About half of Silicon Optix's $4 million in revenue this year comes from the older chips, says Russo. More importantly, he says, picking up those lines of business gave the company 40 regular customers and a built-in sales channel for its new chip. "It would have been hard to establish a worldwide sales channel without a chip to sell."

Silicon Optix's technology has the potential to reduce the cost of various commercial and military imaging applications, says Russo, because it requires less expensive lenses than existing applications. Using less costly lenses that capture only a portion of an image, the Silicon Optix chip mathematically fills out the rest of the picture in high resolution. "We move the lens functionality into the chip," says Russo.

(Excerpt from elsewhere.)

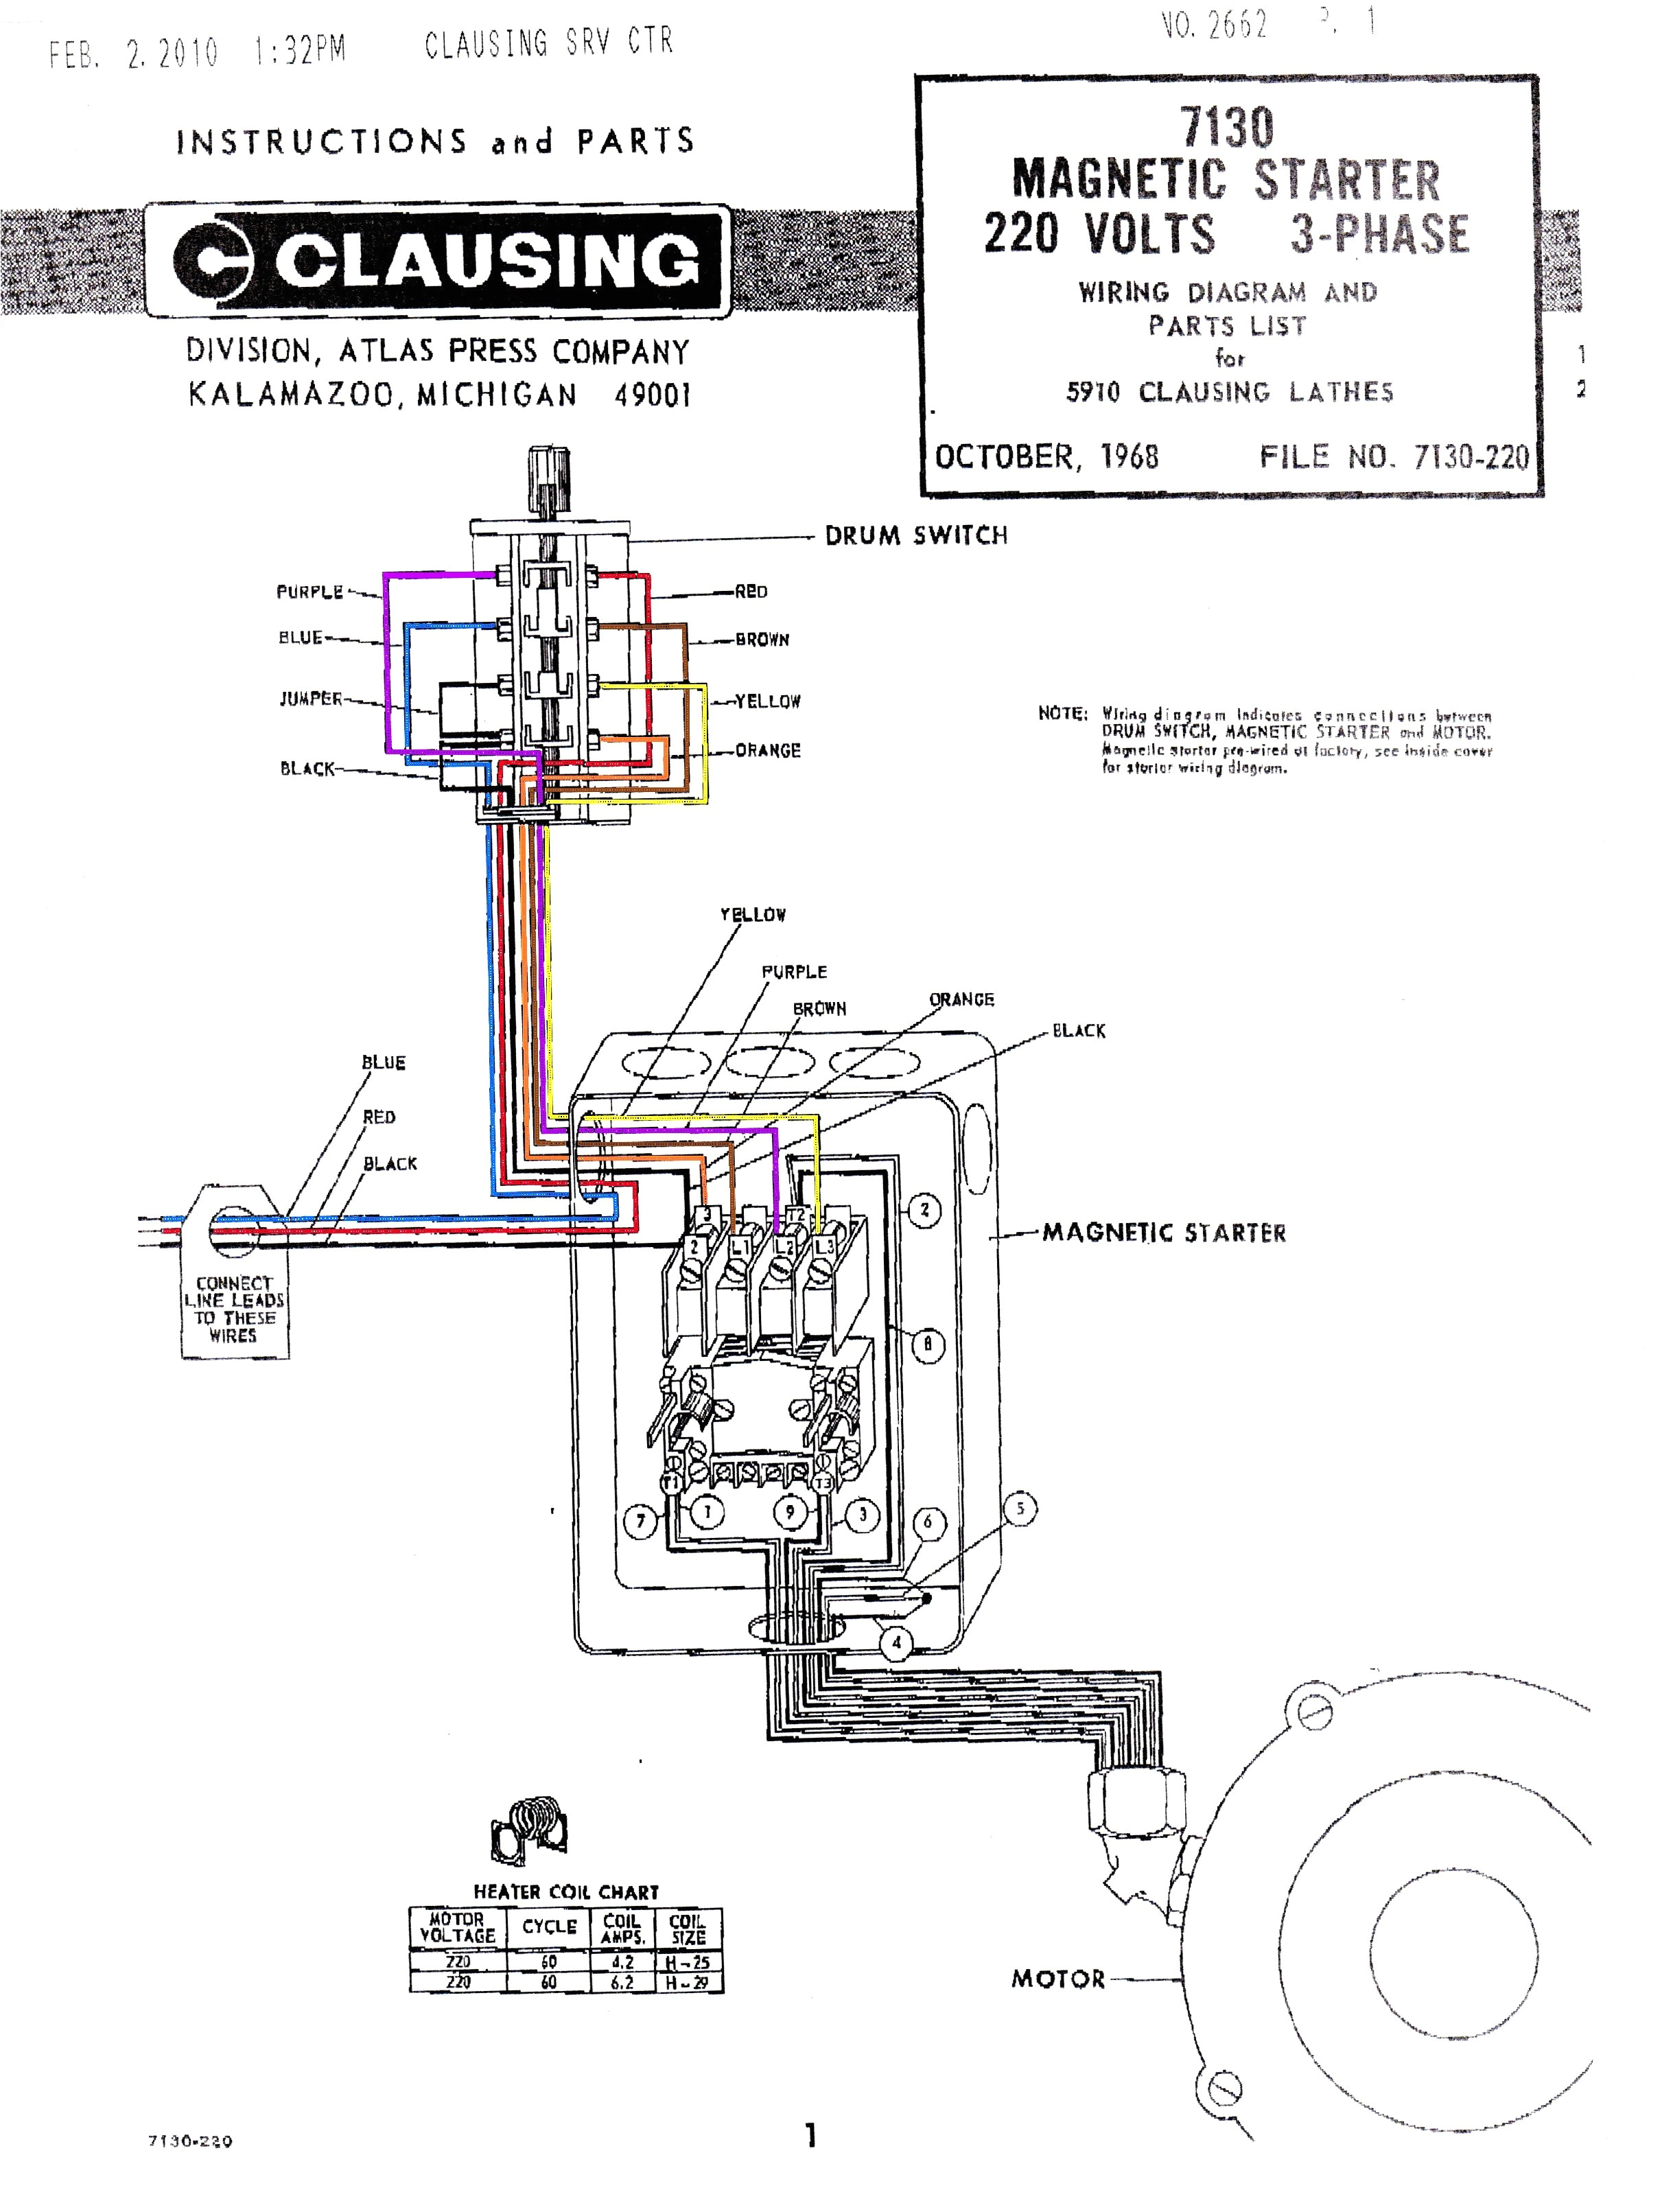 schematic plug wiring diagram dry wiring diagram show dry motor wiring diagram wiring diagram inside schematic

A number of potential investors didn't want to touch Silicon Optix because the technology was too leading edge. But that was exactly why the investors who came in on the recent round chose to invest, Russo says.

"We think what we're doing here will result in a lot of new ideas for the future," he says. "But we still have a lot of missionary work to do. Many customers don't realize what you can do for them when you first meet them."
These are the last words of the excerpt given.